▸ What the task asks
An exact copy is needed of the lines from the one that contains "Marty Hartman’s Race2Independence" through the final line of the data below, with pictures left out.

▸ Exercise data
++++

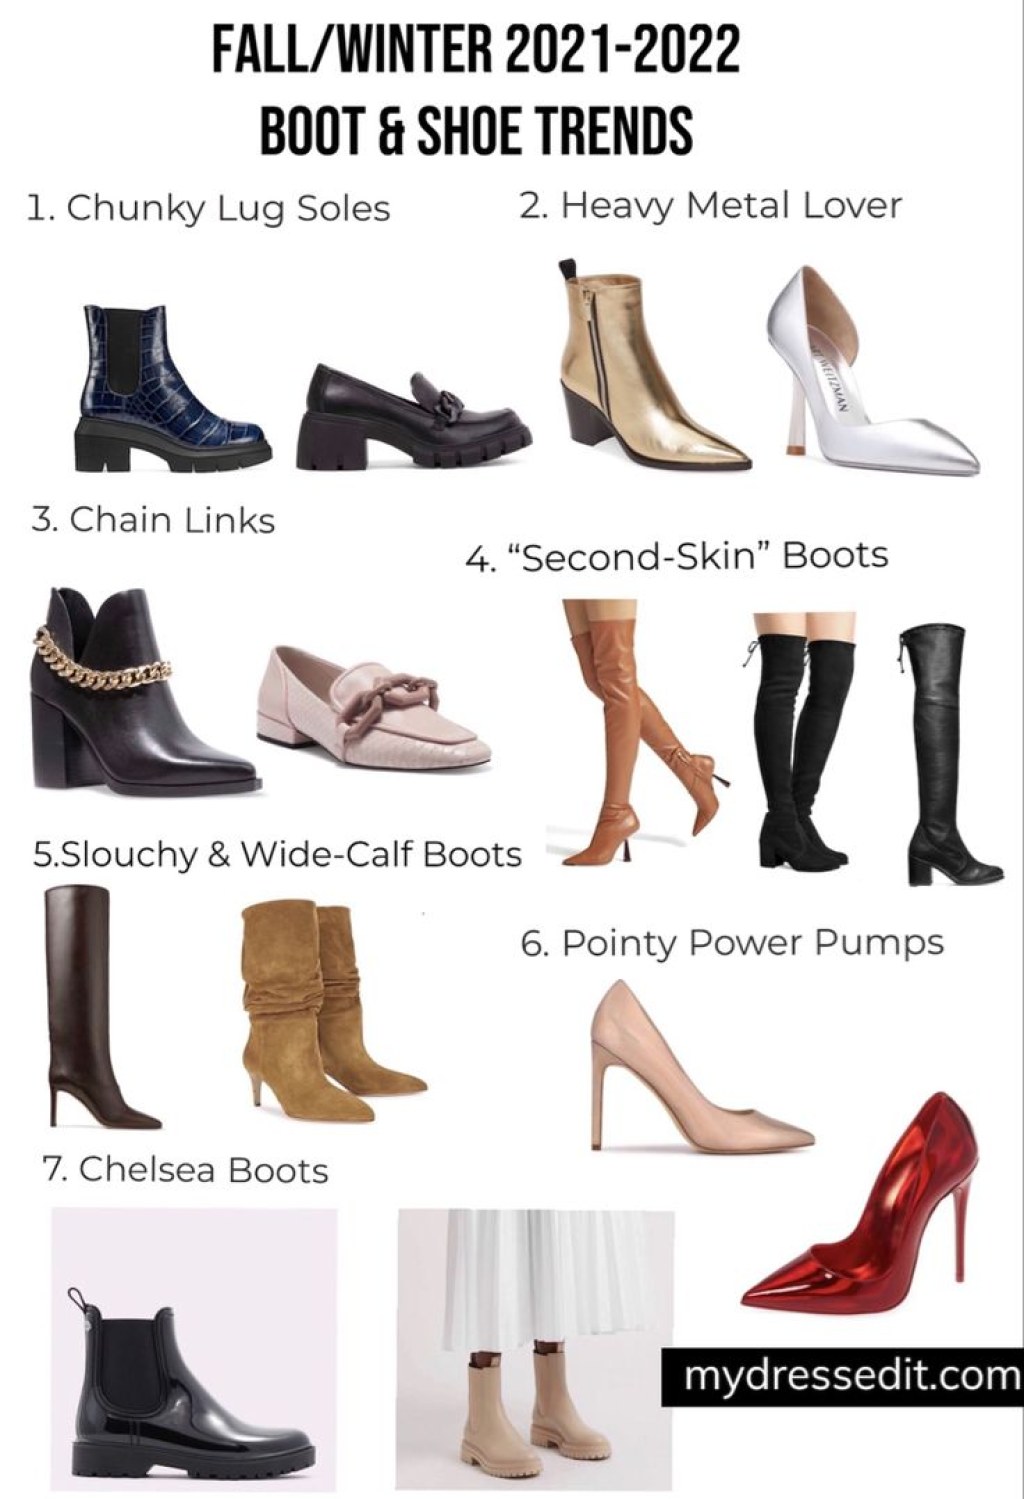 boots fashion autumn 2022 - Fall/Winter - Wearable Boot & Shoe Trends  Fashion
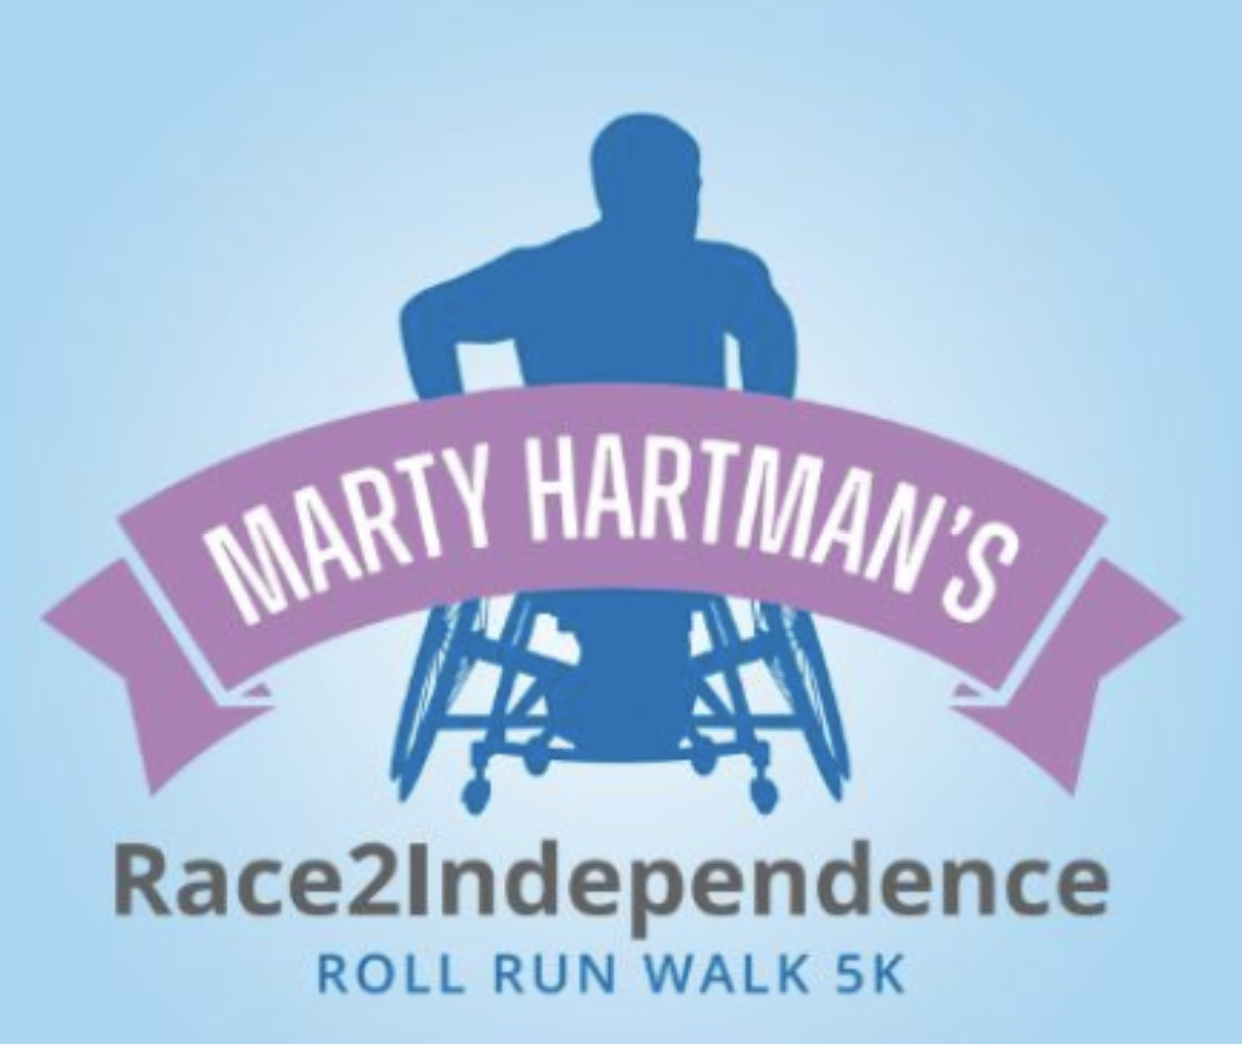 Marty Hartman’s Race2Independence Roll Run Walk 5K logo on RaceRaves
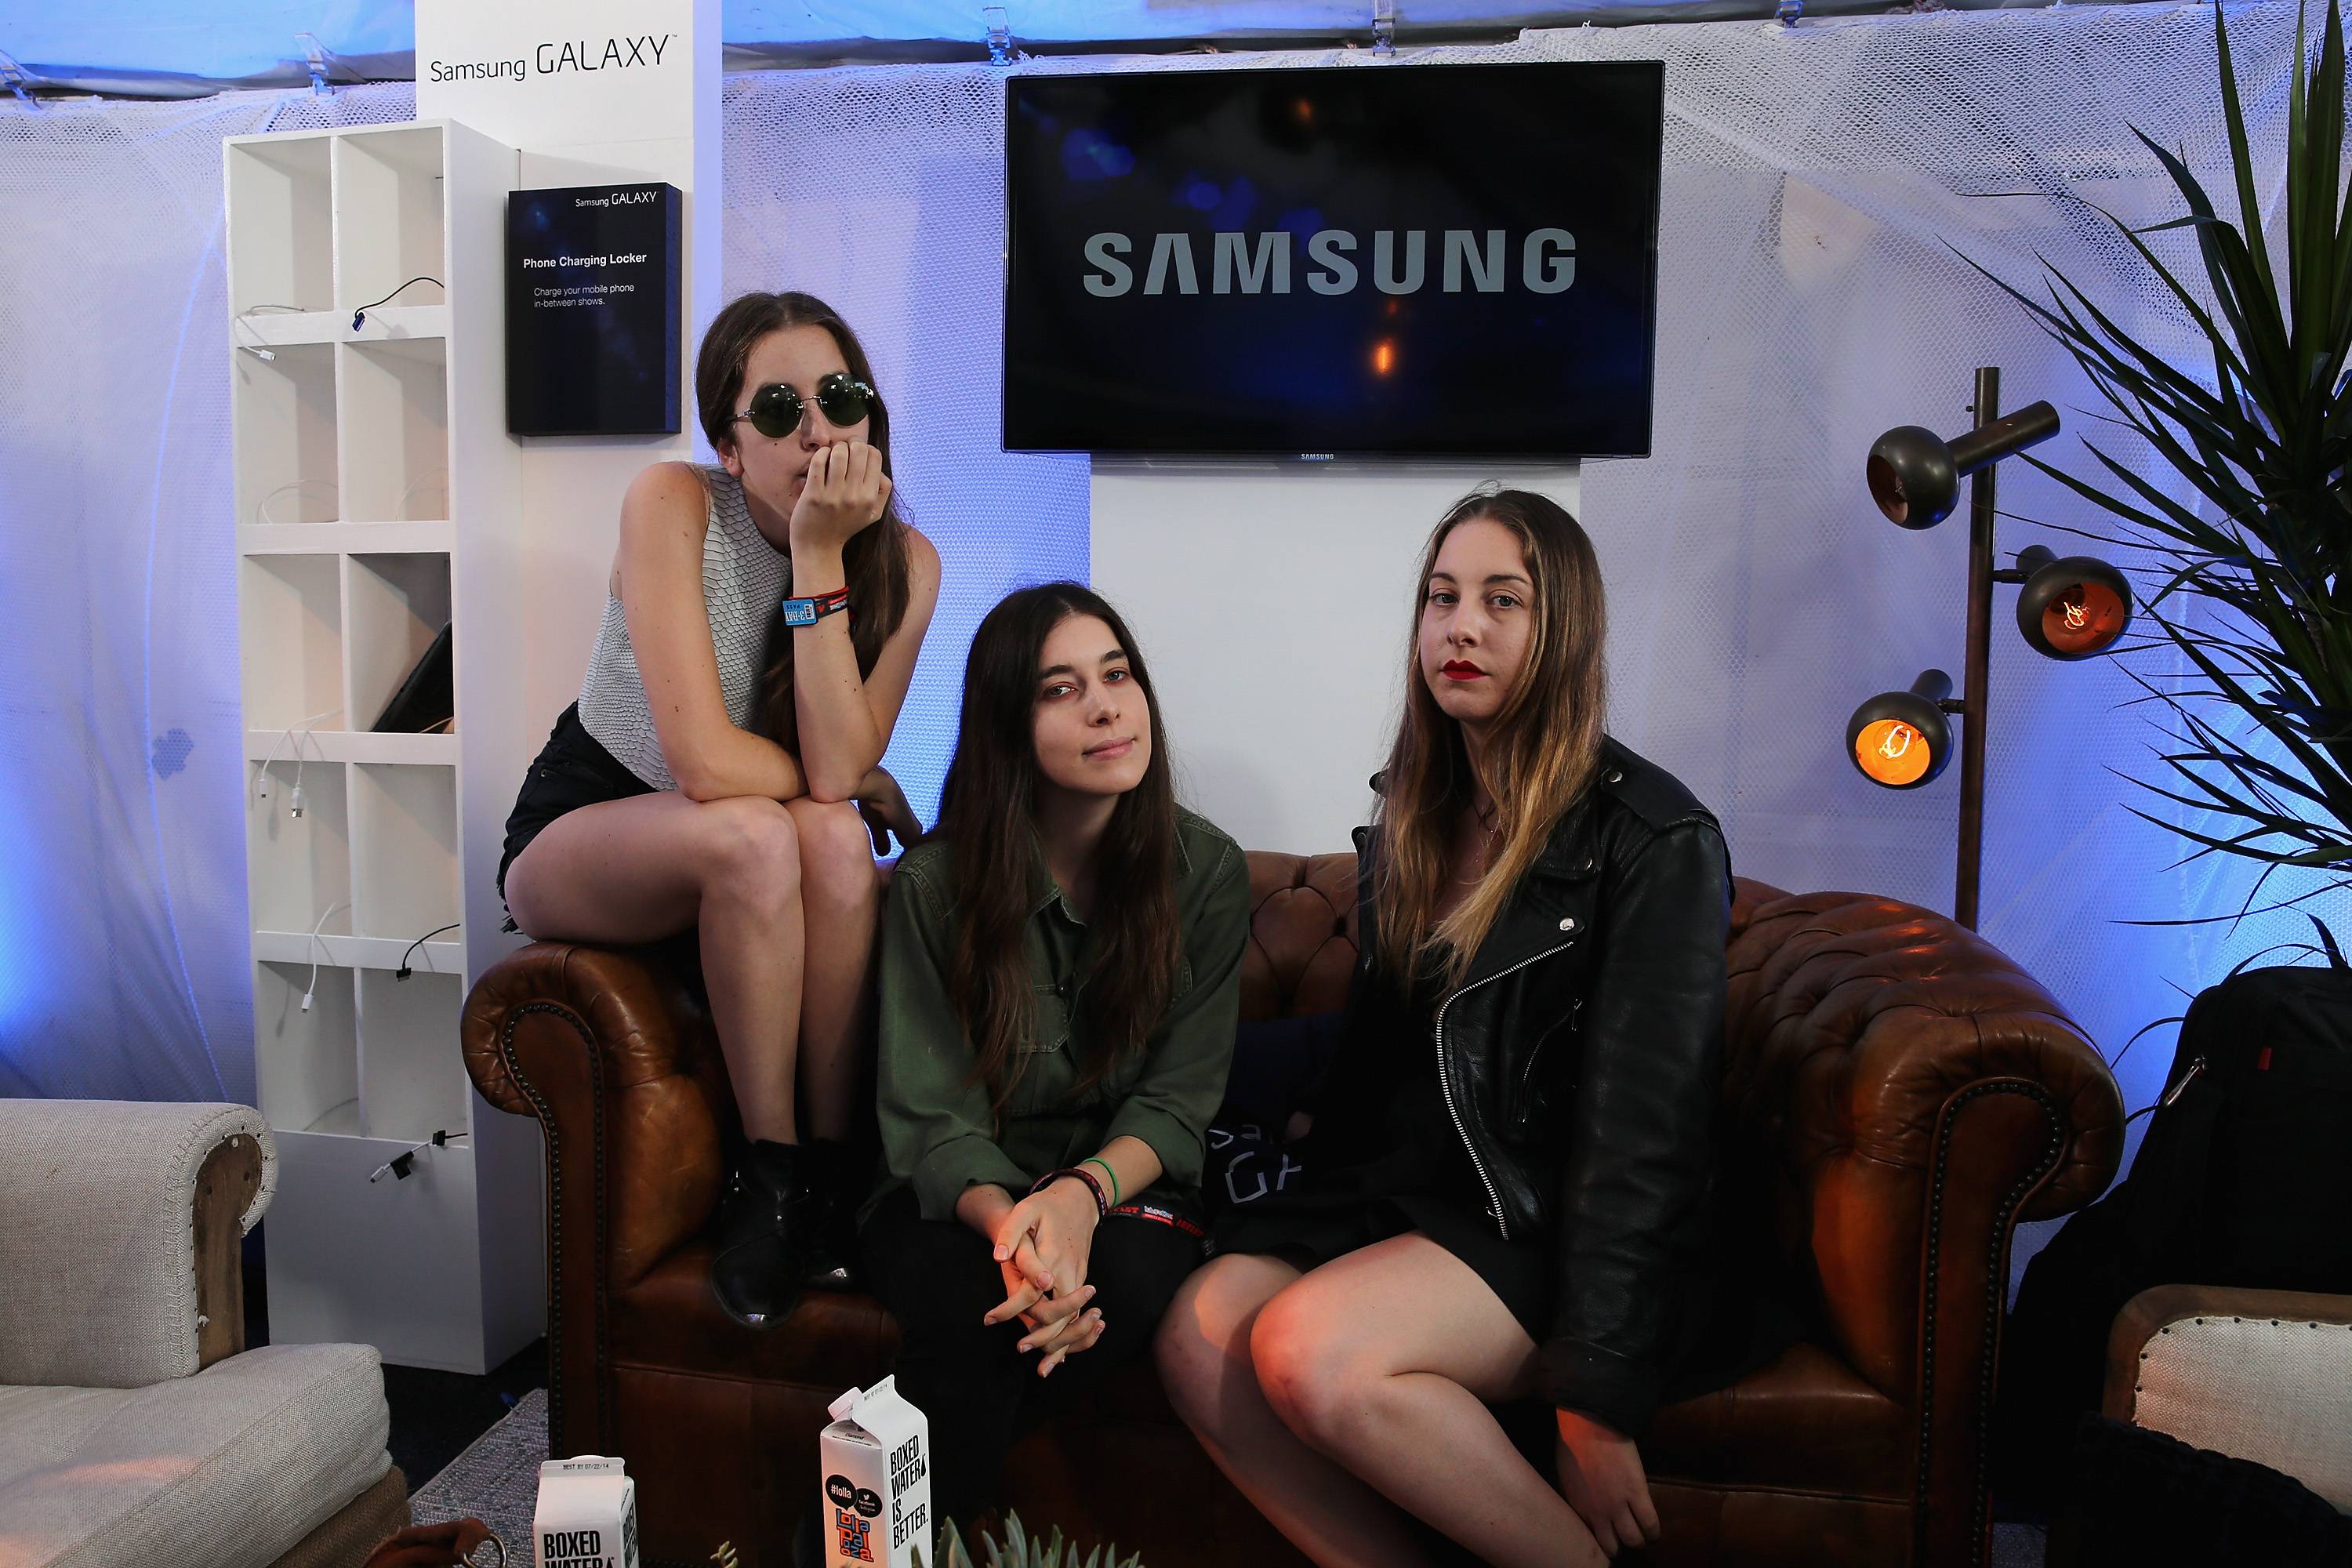 Samsung Galaxy at Lollapalooza - Day 2

++++

▸ Expected answer
 Marty Hartman’s Race2Independence Roll Run Walk 5K logo on RaceRaves
 Samsung Galaxy at Lollapalooza - Day 2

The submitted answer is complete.